# Corner aquarium tanks



## georgeo (Jan 28, 2014)

Wondering if anyone here has used a corner tank? I have been contemplating switching over to one and am wanting to know how it worked for you. I'm liking the idea of my tank fitting better in the space I have available for it but am thinking I would have to go much bigger for the same effect. If you have any thoughts on this or can think of any negatives please share. Thank you!


----------



## Treasure chest (Apr 21, 2010)

I have one. It fits nicely in the corner of my room with unique shape that is eye catching. I does have some short coming that might bother you.
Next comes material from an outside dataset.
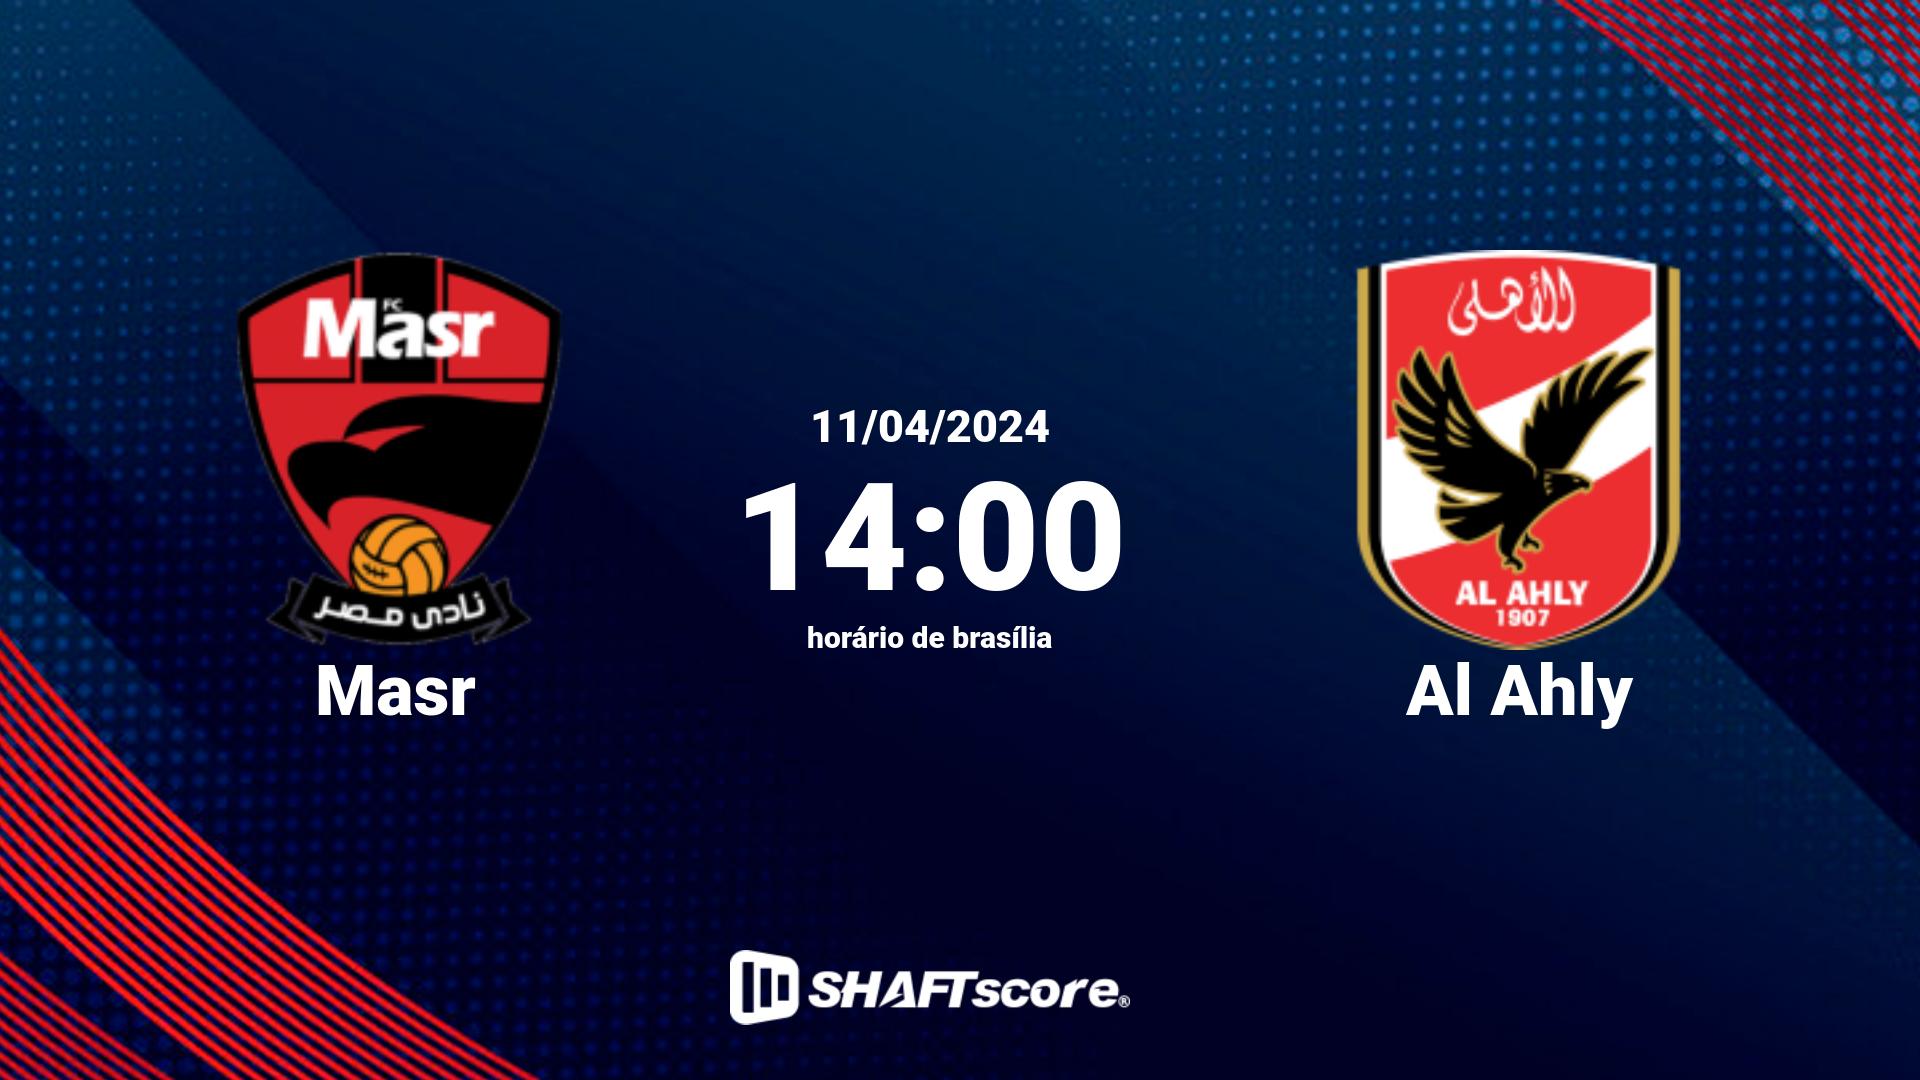 Estatísticas do jogo Masr vs Al Ahly 11.04 14:00
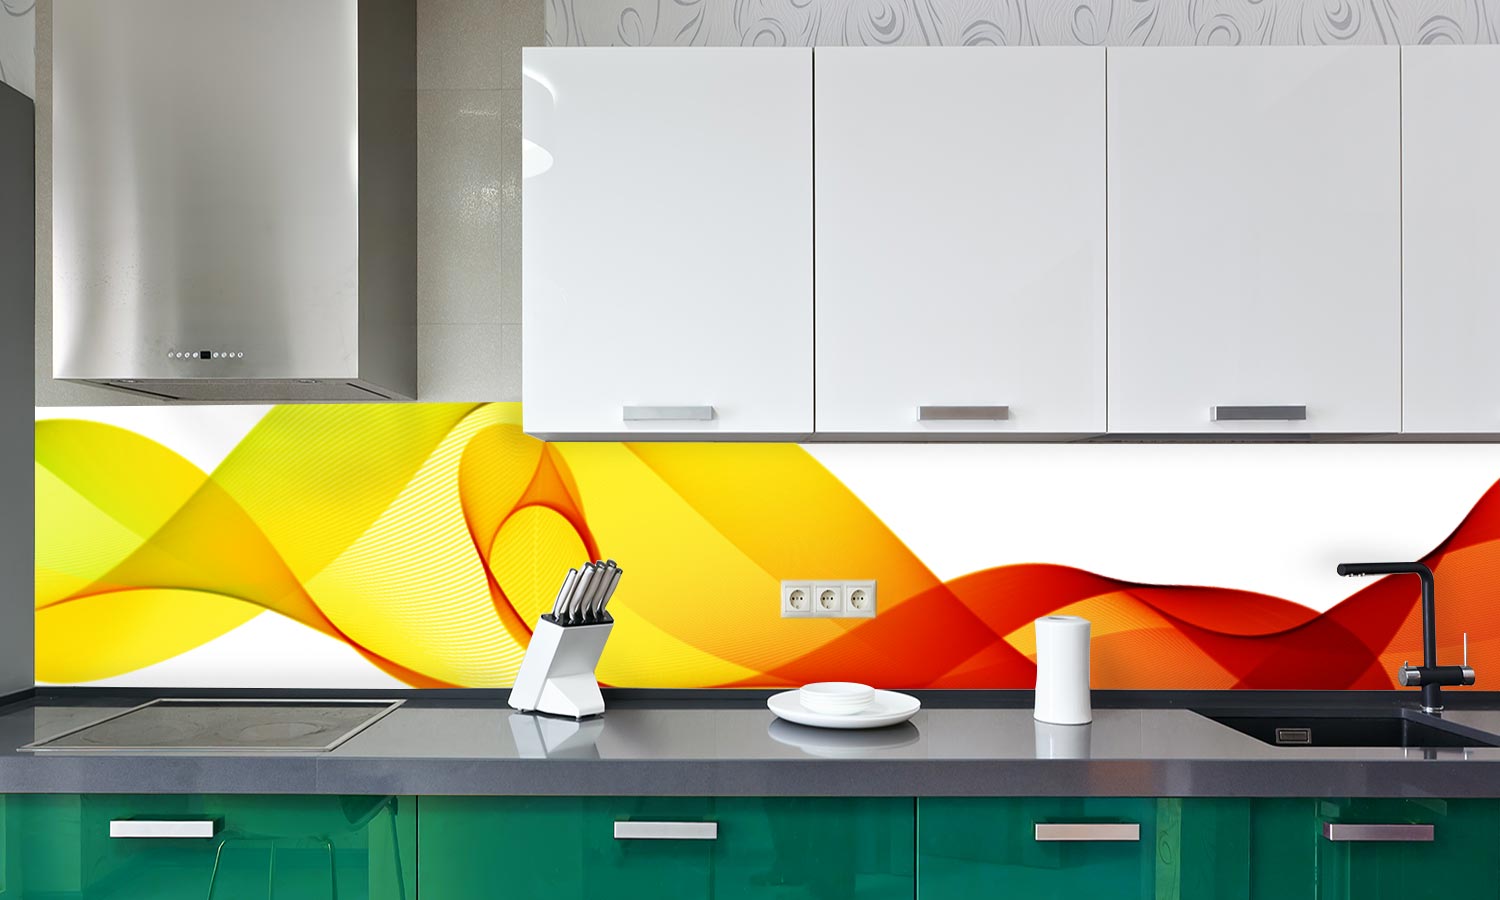 Kuhinjski paneli   Topli valovi - Stekleni / PVC plošče / Pleksi steklo - s tiskom za kuhinjo, Stenske obloge PKU040 - Life-decor.si

Limited lighting choice. Many standard light fixtures may not fit. Access to both sides are limited depending on how much room you leave against the wall when you set up the tank. Magnifying effects with curved glass but it may be a good thing depending on your taste. Need to purchase stand as a set or build your own custom stand. It may be a challenge to fit your equipments in the stand cabinet due to it's odd shape.


----------



## AquaAddict (Dec 4, 2010)

I love my 100 gal Reef Bowfront corner tank. I bought the tank and stand at King Ed.'s. I didn't find lighting a problem - using aQ LED light fixture.

AquaAddict


----------



## onefishtwofish (Apr 21, 2010)

I have one and i love it.there is a point to the fact you cant access sides well. Just make really sure the outside glass is all very clean before you place it. i learned that the hard way.


----------



## georgeo (Jan 28, 2014)

Thank you for the reply's. Certainly gives me some things to think about. My biggest worry would be the lighting as I have not sorted out what I will need yet and of course wanting it to be lowish cost. Will look into the AQ led's. Because of my baseboards I believe I will not be able to have it as flush to the wall as I would like but will allow me space for cleaning. Aqquaddict how do you find the led's work? Are you growing plants as that is what Im looking to do and led are new to me. I have a very cheap submersible led for my 10 gal but do not believe it really does anything for the plants all of which are low light. On the other hand It does provide a nice light.


----------



## Treasure chest (Apr 21, 2010)

I have a PFO MH/PC combo pendent fixture for mine. There was not many choices 10 years ago(LED was not even on the menu). While I am still using the same fixture today, I have upgraded the PC part to LED. Currently running 12 Cree XPG2 high power LEDs with dimmer on top of MH. If you go with DIY route, you may end up a very nice custom LED set up at a fraction cost of over the counter products. There is a guy on reef forum had it done nicely. DIY 92g Corner Tank LED Fixture - Reef Central Online Community. You probably only need less then half of what he has for your planted set up. Check out RapidLED web site, there are some good articles worth reading.


----------



## georgeo (Jan 28, 2014)

Thanks for the links will be needing to read up more on led and planted tanks.


----------